At first, the concept of “multi-core” from a processor IP company might seem a bit confusing. Couldn’t we already put multiple MIPS cores on our devices? If your concept of multi-core ends with putting more than one processor on a chip, you may not be yet dialed into the subtleties.
This week, MIPS launched their highest-performance solution ever with the new MIPS32 1004K “Coherent Processing System” – a multi-core, multi-threaded IP solution. The challenge of keeping all your cores busy in a symmetric multi-processing (SMP) system is actually made much easier when the multi-processor is combined with multi-threading. With monolithic processors continuing to pound frequency and particularly power consumption walls, multi-core technology is permeating every segment of computing. Embedded applications have long taken advantage of multiple processors – tasking different cores to perform completely independent system functions. More general multi-core processing is relatively new, however, and the proliferation of higher-end applications running on sophisticated operating systems makes multi-core an imperative for power-sensitive, performance-hungry embedded applications.
Last year, MIPS rolled out their highest-performance monolithic, single-threaded core – the MIPS32 74K. The 74K gets its performance the old fashioned ways – higher frequencies (up to 1GHz) and deeper, more sophisticated pipelines. This approach, however, runs into power problems as you continue to boost your performance. When processes can be efficiently parallelized, multiple cores can do the same work at lower frequencies or more work at the same frequencies with much better power-per-performance metrics. For those applications, MIPS is now rolling out the 1004K.
1004K can provide up to four processor cores in either single- multi-threaded configurations. The real excitement comes in with combining multi-cores with multi-threading. MIPS’s new product pivots around a Coherence Manager (CM) that coordinates the activities of the (up to four) processor cores. Additionally, an optional I/O Coherence Unit (IOCU) can coordinate coherence for I/O peripherals.
In each core, an intervention port connects to the coherence manager.
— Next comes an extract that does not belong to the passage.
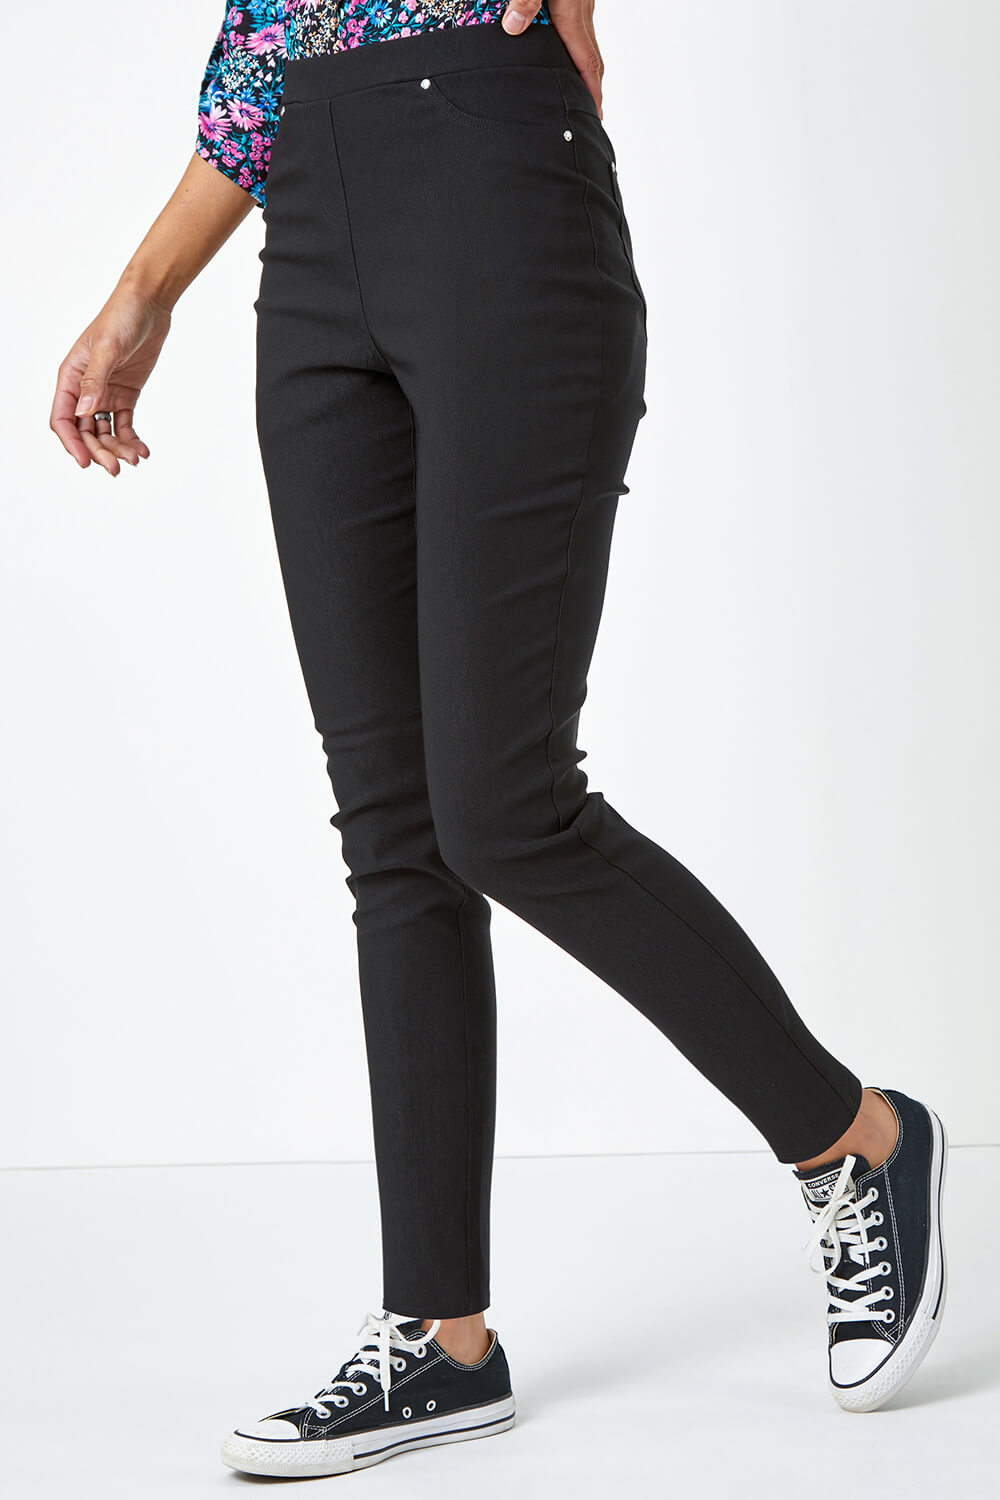 Black Stretch Jean Trouser, Image 4 of 5

In the CM, read and response requests come and go from CPUs or from the IOCU via a Request Unit (RQU). A Memory Interface Unit (MIU) communicates with physical memory and receives coherent read/writes from the IVU and non-coherent read/writes and speculative coherent reads from the RQU. The MIU then hands read responses to a Response Unit (RSU) that passes data on to CPUs or the IOCU as applicable.
The IOCU enables hardware I/O coherence via bridging I/O subsystems to the CM. It translates OCP 2.2 non-coherent requests into OCP 3.0 coherent/non-coherent requests. It breaks up bursts and unaligned accesses into cacheline/dword transactions, which minimizes impact to the coherence fabric by structuring I/O data to the coherent system. Attributes are applied per-transaction, and requests can be tagged to snoop L1+L2, L2 only, or neither. I/O parking gives I/O transactions priority over the CPU cores in the coherence manager.
The “MIPS32” part at the beginning of “MIPS32 1004K” tells us that the new multi-core processor is compliant with existing software developed for MIPS 24K, 24KE and 34K families. Multi-threading is enabled by virtual processing elements (VPEs). Each individual core can be configured in a wide variety of ways – one or two VPEs for single- or multi-threaded operation. An FPU is available, and the CPU/FPU clock ratio can be configured. You can select and size TLB, caches, and scratchpad RAM and also create user-defined instructions for your application.
There is also a Global Interrupt Controller. CPU access to the GIC is managed through a relocatable memory-mapped address range. The GIC can connect to the CM or elsewhere in the system. The GIC supports system-level and inter-processor interrupts and routs interrupts to the particular core or VPE. The number of system interrupts is configurable (up to 256).
Example specs, for a system configured with two cores, and each core set up with two VPEs for multi-threading, caches, coherence manager, and global interrupt controller, the base cores can operate at 800MHz, achieving a DMIPS rating of >2400. Using TSMC 65nm, 9-track, low Vt the total area is about 3.8mm2.
MIPS is a big player in the Linux club, and the new cores are friendly with open-source SMP Linux. MIPS also has a complete software debug environment, including in-system debug from MIPS FS2. FS2’s PDtrace has coherence awareness for compatibility with the multi-core environment. The software tools are GNU-based, including an Eclipse Navigator IDE.
The 1004K core is available now. Early RTL was delivered in Q4 last year.